Goodbye SAD, hello longer days, lighter nights and much, much warmer weather. T-shirt and flip-flop weather here in Yorkshire, to be specific.
After months of the depressing sight of brown, leafless trees and mush for ground, the Earth is finally reawakening, bringing back colour, lush green grass, and a seasonal favourite of ours: cherry blossom. After all, it’s a budding photographer’s best friend in spring.
The stunning trees pop up in all corners of Yorkshire this time of year, but there’s one place in particular that hosts them best: The Stray in Harrogate.
A perfectly pruned park in the gorgeous, historic town of Harrogate, The Stray is home to an ‘avenue’ of cherry blossom trees, which line the path through a section of the park making for stunning photo-opps. Like a little slice of Japan in Yorkshire, the trees form a natural archway that you can potter underneath, making for a beautiful bit of scenery for all who visit.
In the spring months, the avenue pops with candyfloss pinks, while the edges of the path gather a sprinkling of the pretty petals, and other areas of the park become dotted with the happy yellow of daffodils and the striking violet of crocuses.
In addition to the blossoms, The Stray boasts 200 acres of well-groomed parkland, conveniently situated in the heart of the up-market spa town.
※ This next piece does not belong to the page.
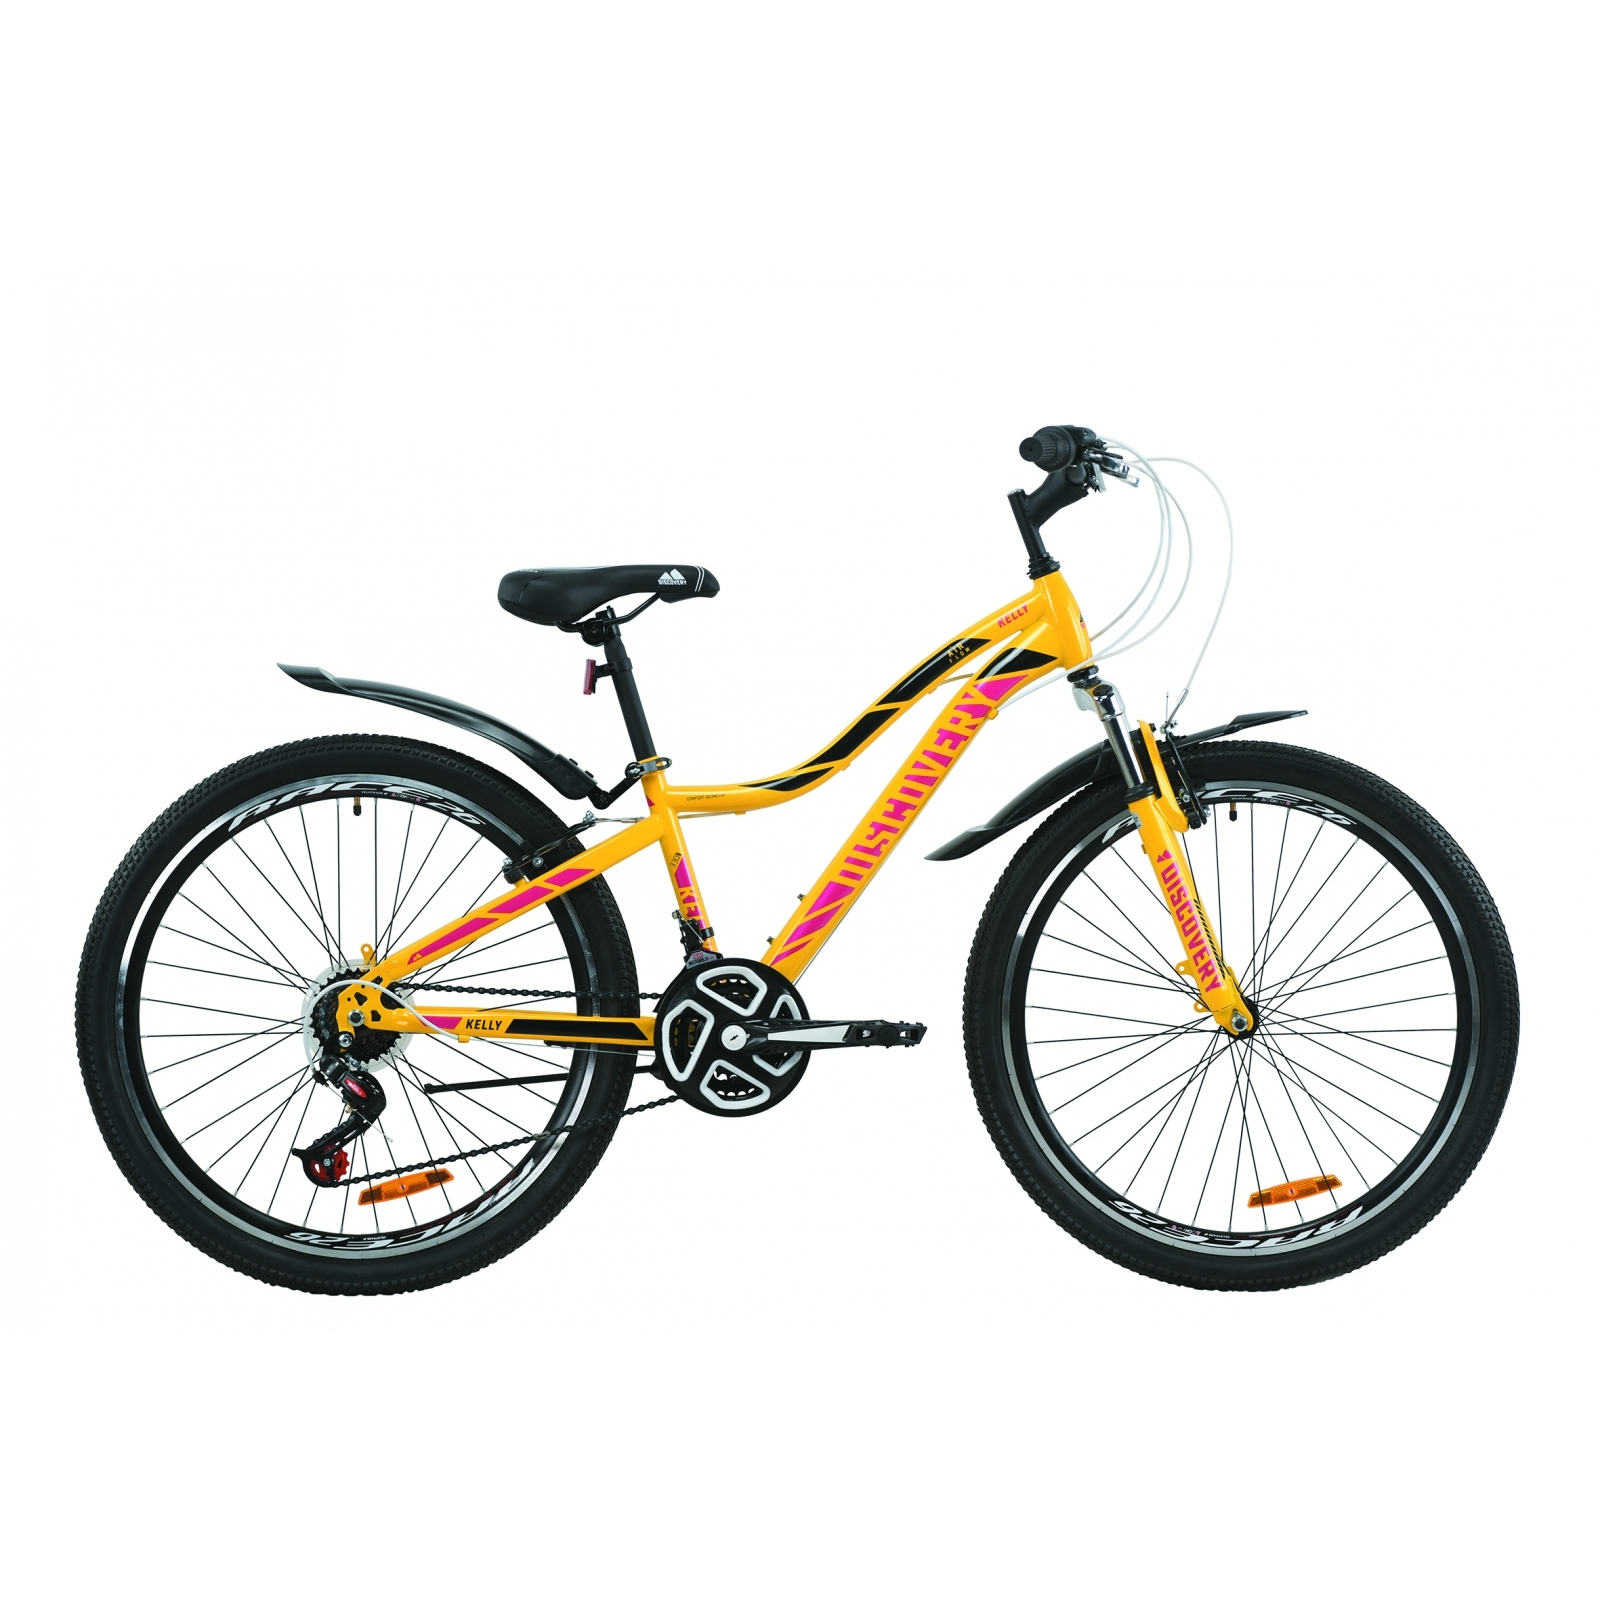 Велосипед Discovery 26" KELLY AM Vbr рама-13,5" St 2020 желто-сиреневый с черным (OPS-DIS-26-246)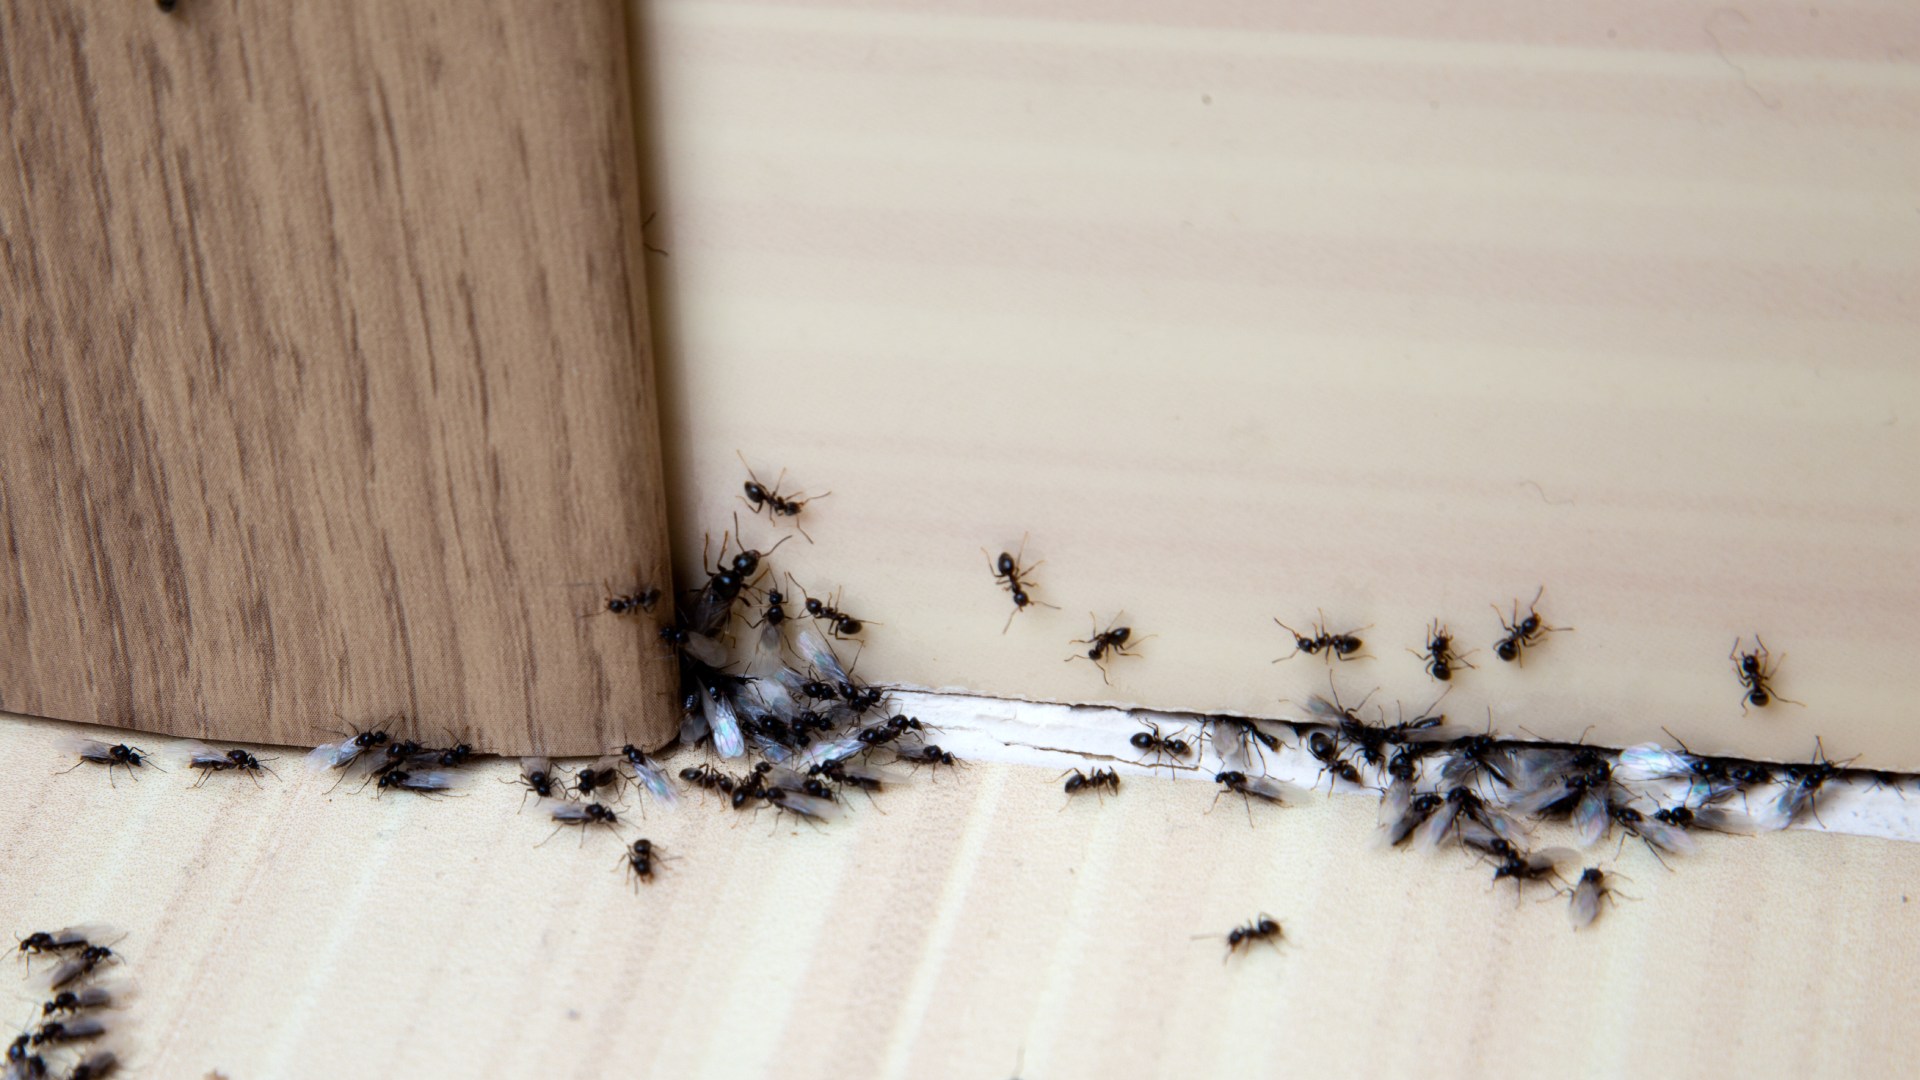 Ant infestation found in client's home in McKinney, TX.

Naturally, the park lends itself well to picnics and events, however, it’s surrounded by incredible independent coffee shops, restaurants and shops – making it a great spot for a wholesome stroll before doing a spot of shopping.
The gorgeous park dates back to the 1700s and is owned by the Duchy of Lancaster, who transformed it from its Forest of Knaresborough origins, to an enclosed piece of land that the public could use to walk and to exercise, while also providing access to Harrogate’s famous mineral springs. The land also had grazing rights, allowing animals to stray freely – which is also how it coined its name ‘The Stray’.
Today, The Stray remains protected by a number of Acts of Parliament, ensuring it remains beautifully preserved for years to come, with bye-laws written in that strictly determine how the space can be used.
The park is open to the public daily, and will likely be adorned in cherry blossom until early May.